The law aims to shift some of the costs of adapting to climate change from individual taxpayers to the oil, gas and coal companies that the law says are responsible.

Under the law, the state will spend the money it raises on climate change mitigation, including upgrading roads, water and sewer systems, buildings and other infrastructure, according to Reuters.

“New York has fired a shot that will be heard around the world: It will hold the companies most responsible for the climate crisis accountable,” New York State Senator Liz Krueger, a Democrat who co-authored the legislation, said in a statement.

Kruger said in her statement that repairing damage and adapting to extreme weather caused by climate change will cost New York more than $500 billion by 2050, adding that Big Oil has made more than $1 trillion in profits since January 2021 and has known since at least the 1970s that extracting and burning fossil fuels contributes to climate change.

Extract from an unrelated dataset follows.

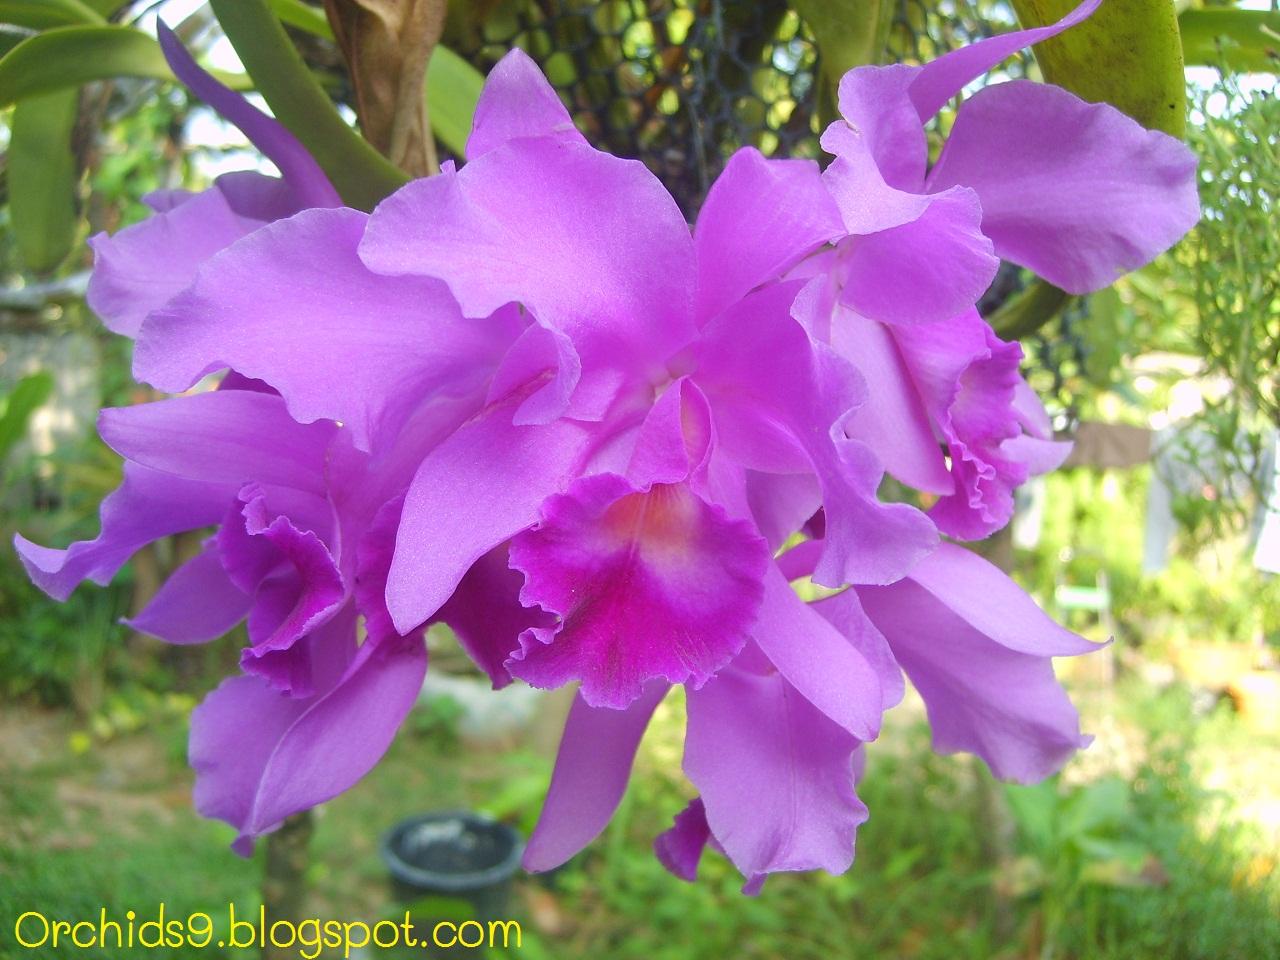 Orchids Flowers Bulbophyllum Vanda Cattleya Cymbidium Phalaenopsis D
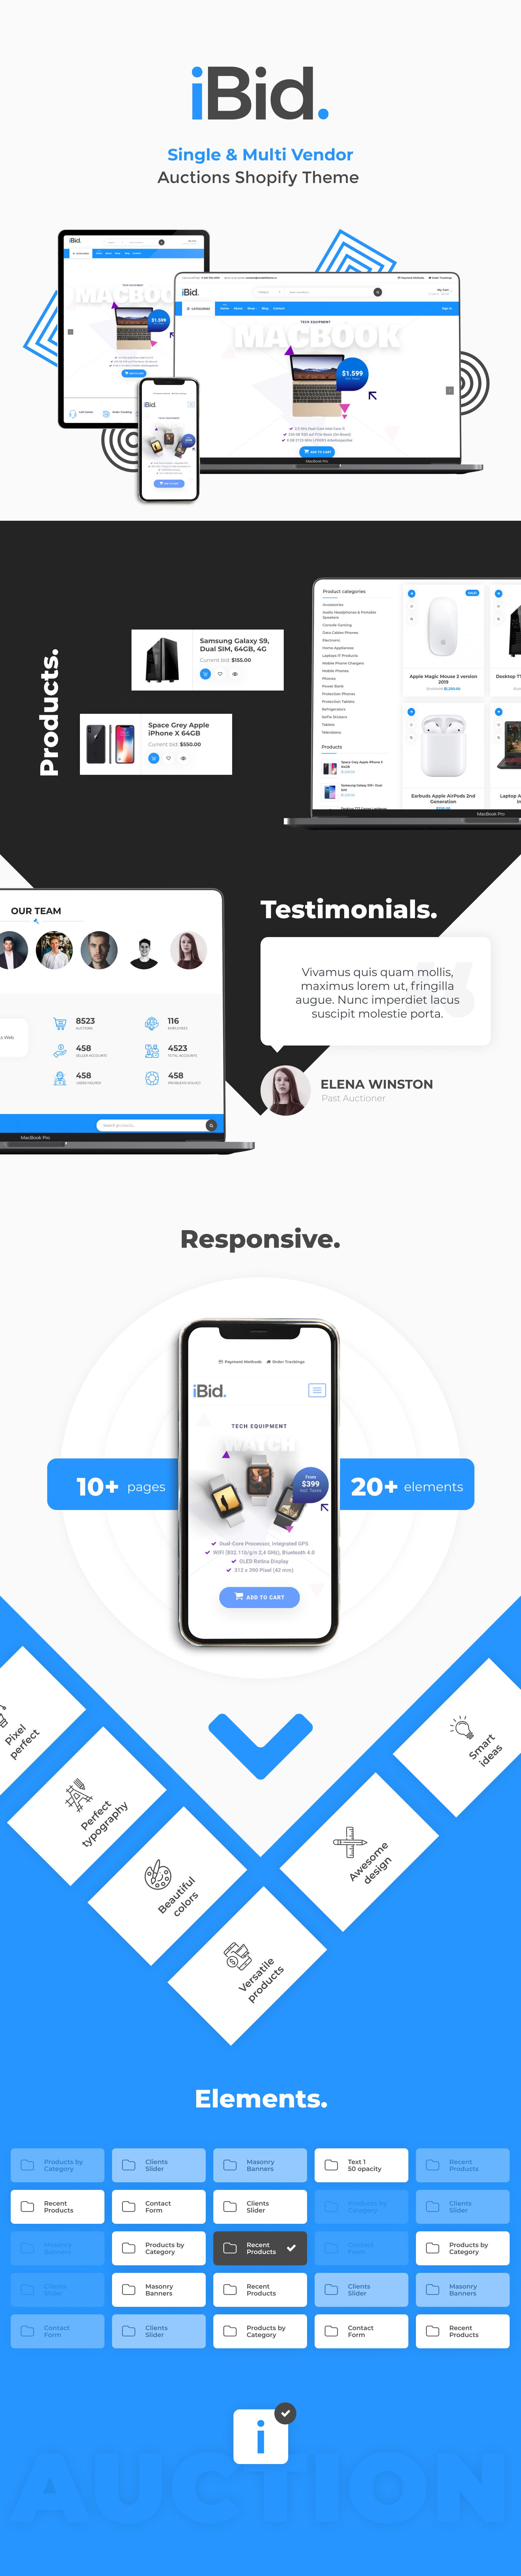 iBid - Single & Multi Vendor Auctions Shopify Theme - 3

Fossil fuel companies would be fined based on the amount of greenhouse gases they emitted into the atmosphere between 2000 and 2018, with the money to be paid into the Climate Superfund starting in 2028. This would apply to any company identified by the New York Department of Environmental Conservation as responsible for more than 1 billion tons of global greenhouse gas emissions.

New York becomes the second state to pass such a law after Vermont passed its own version this summer. The laws are modeled on state rules that require polluters to pay to clean up toxic waste.